Exact copy, pictures excluded: write out every line below.

- RECORDED DATA
- - -
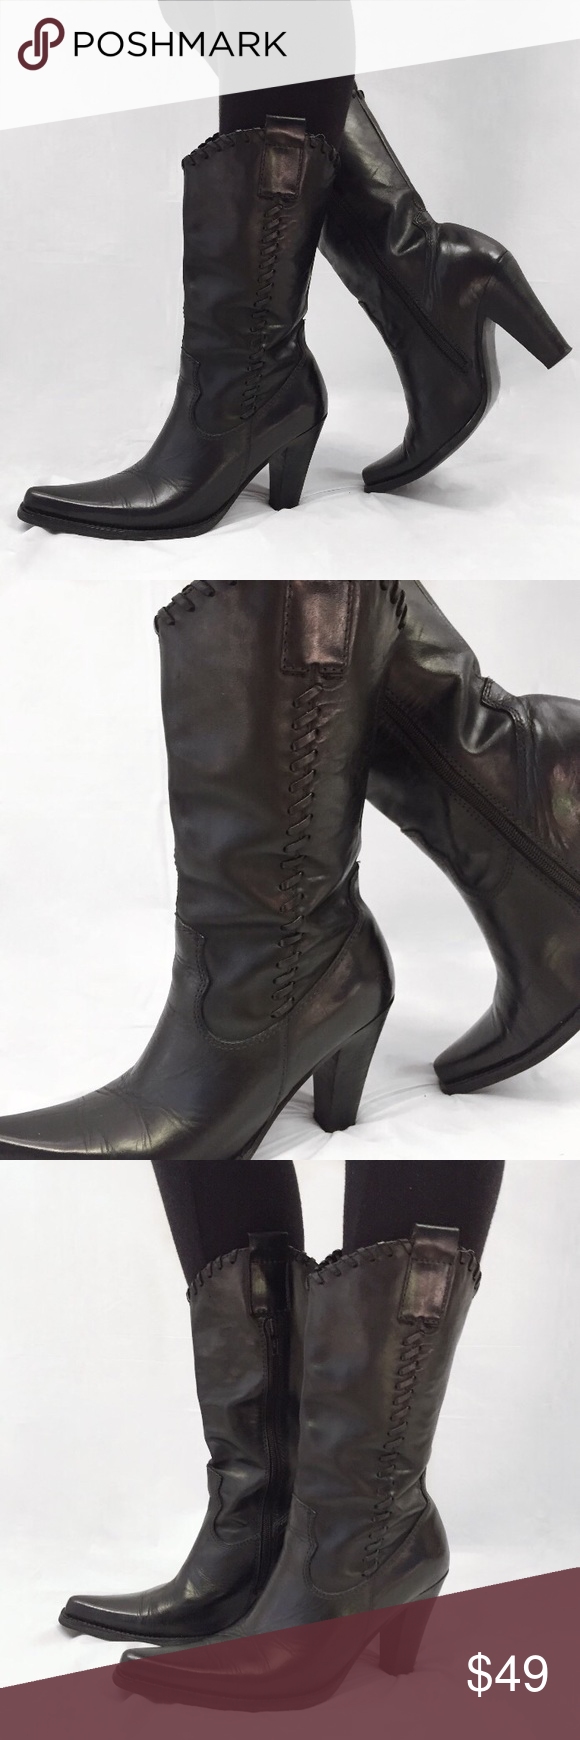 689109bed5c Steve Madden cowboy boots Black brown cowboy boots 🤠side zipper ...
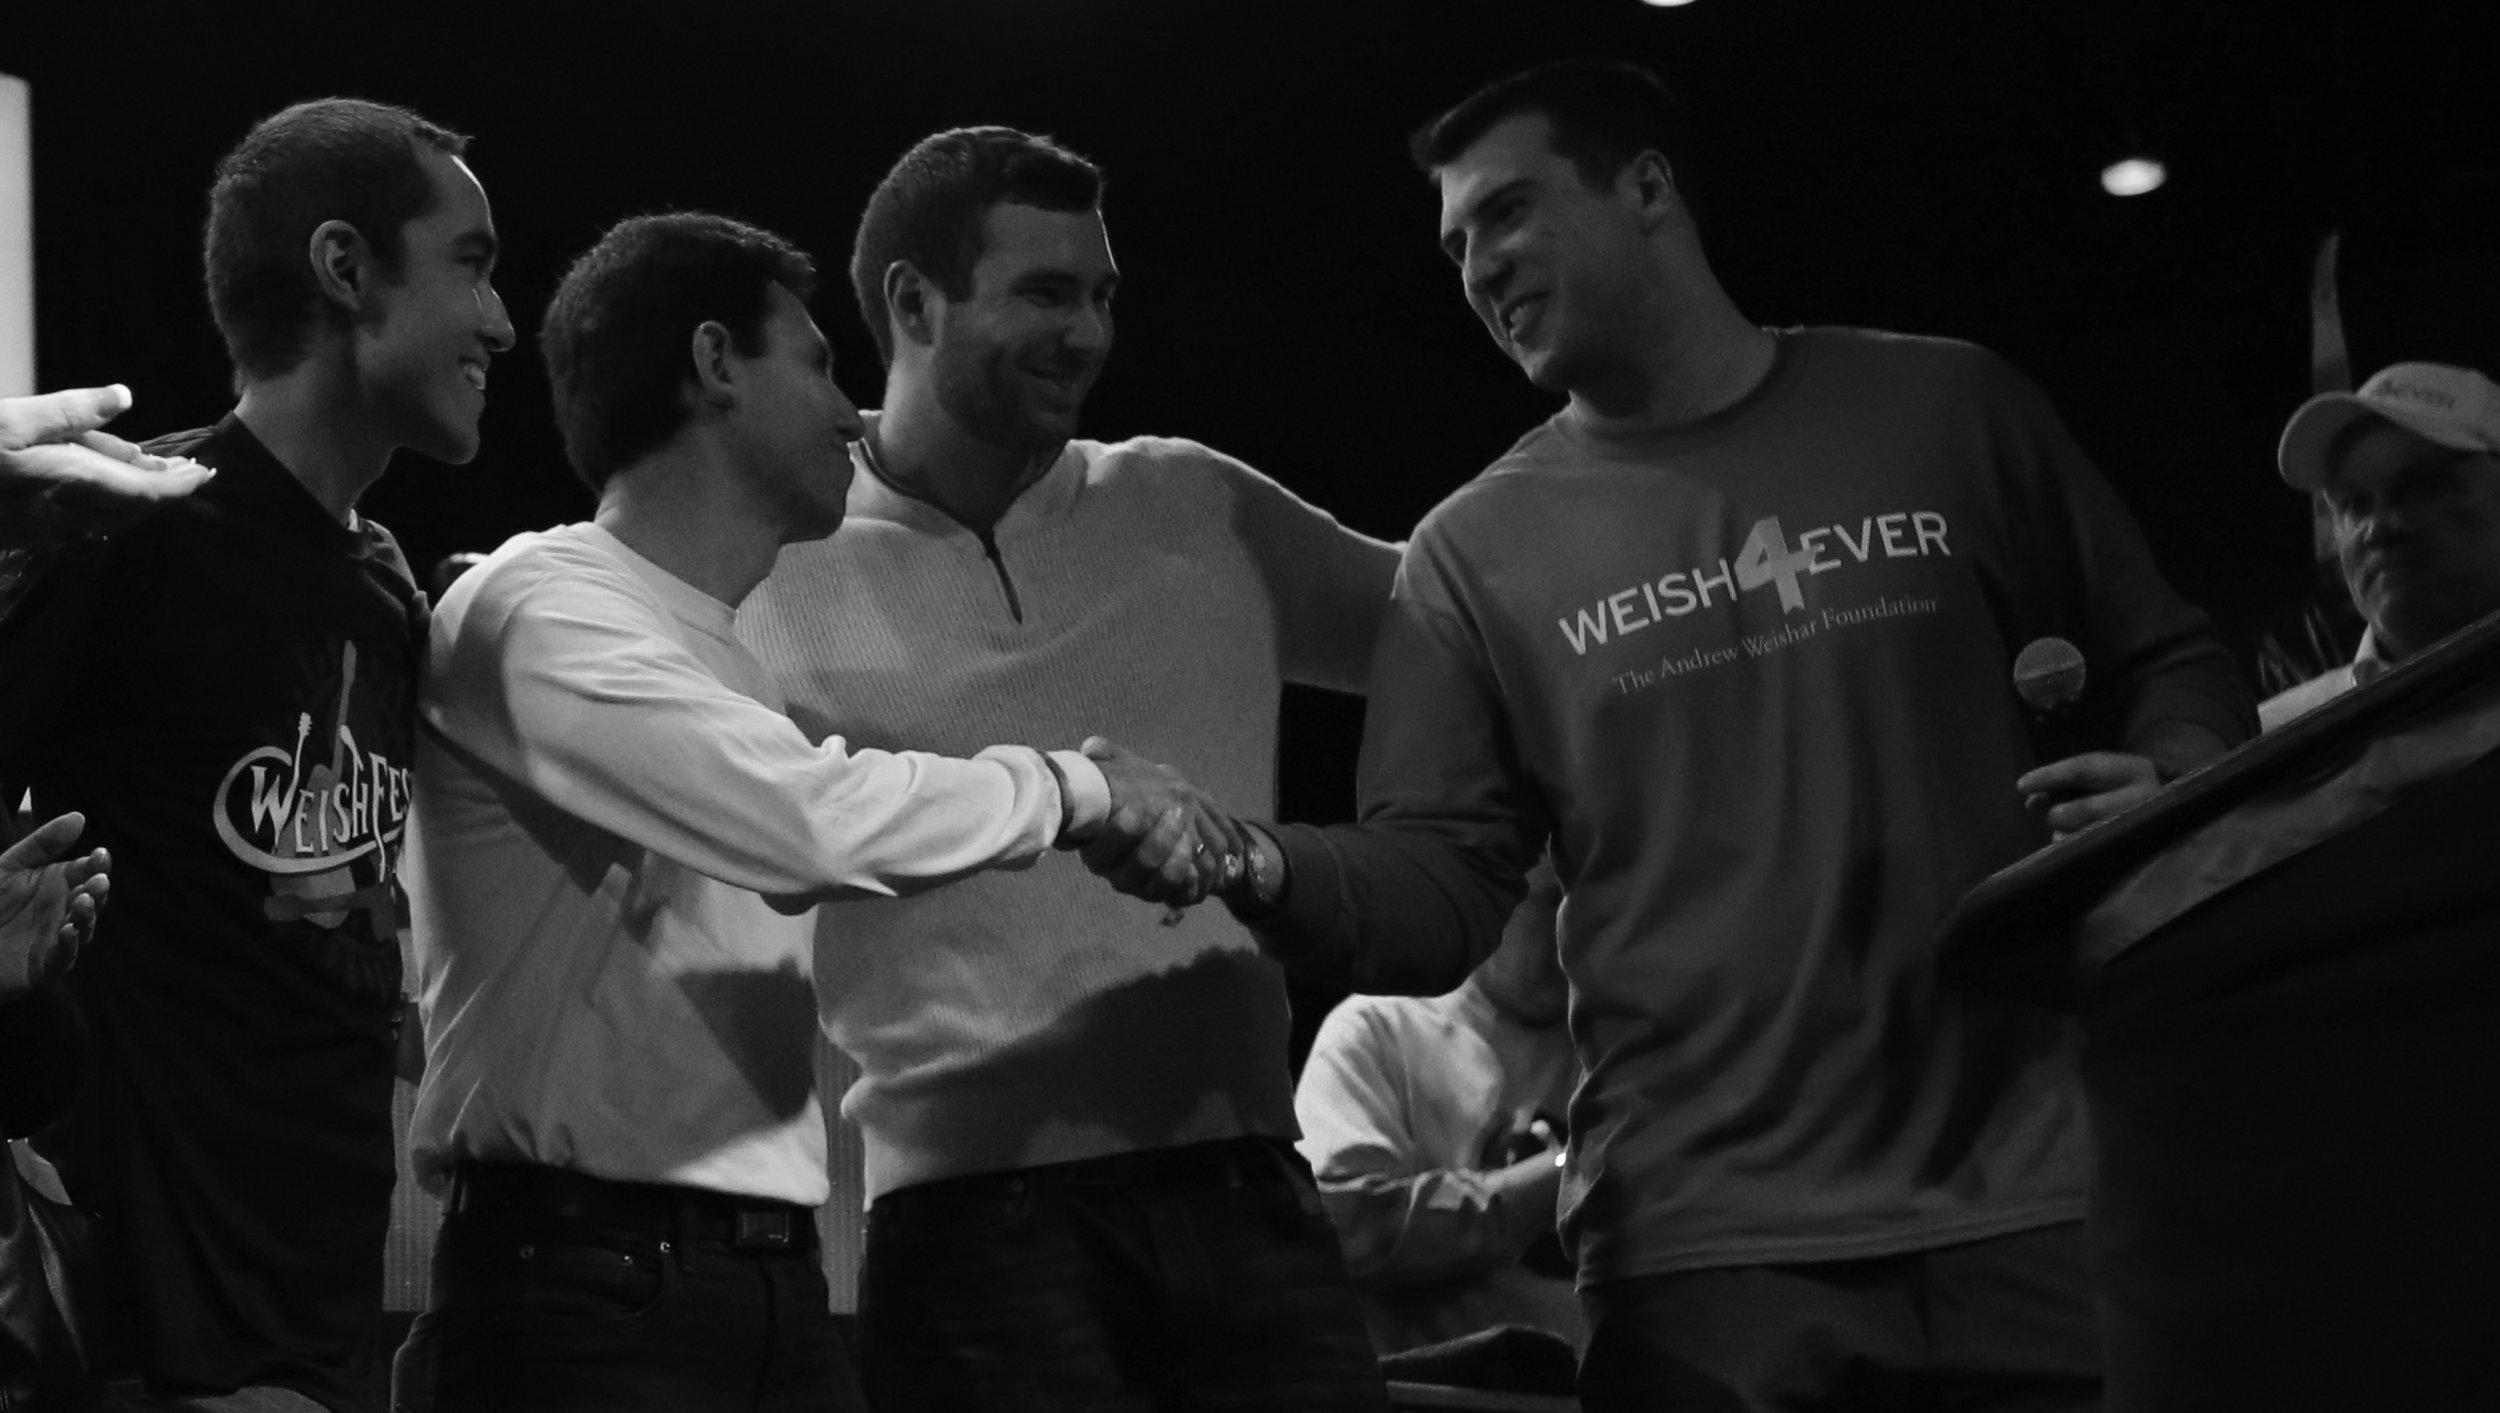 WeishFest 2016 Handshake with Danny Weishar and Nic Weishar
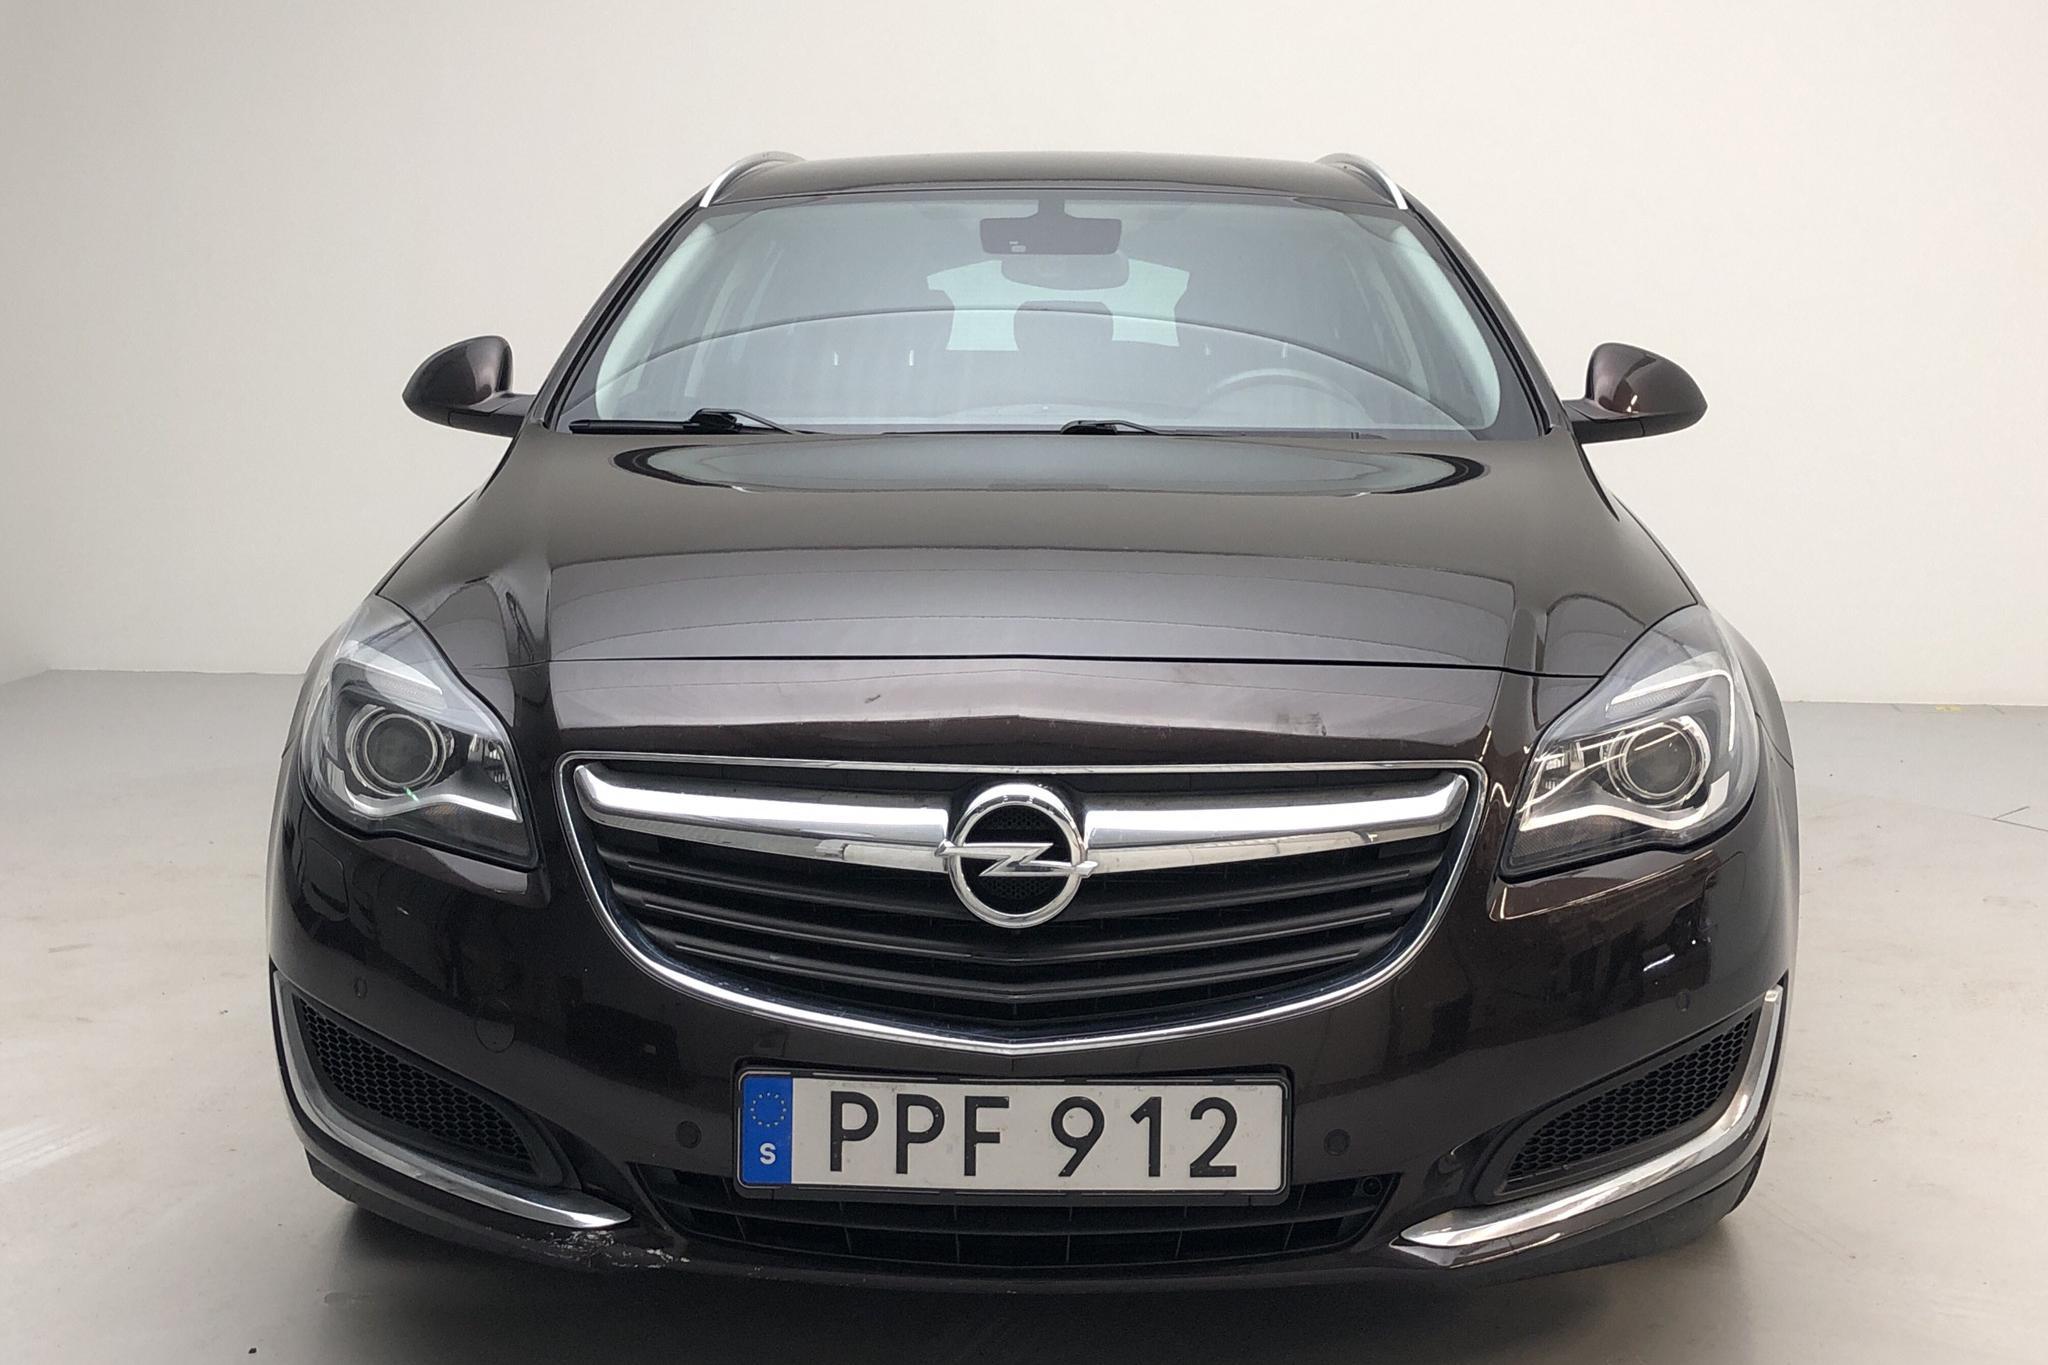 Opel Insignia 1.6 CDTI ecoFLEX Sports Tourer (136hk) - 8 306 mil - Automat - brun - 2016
- - -
- SOLUTION BELOW
 689109bed5c Steve Madden cowboy boots Black brown cowboy boots 🤠side zipper ...
 WeishFest 2016 Handshake with Danny Weishar and Nic Weishar
 Opel Insignia 1.6 CDTI ecoFLEX Sports Tourer (136hk) - 8 306 mil - Automat - brun - 2016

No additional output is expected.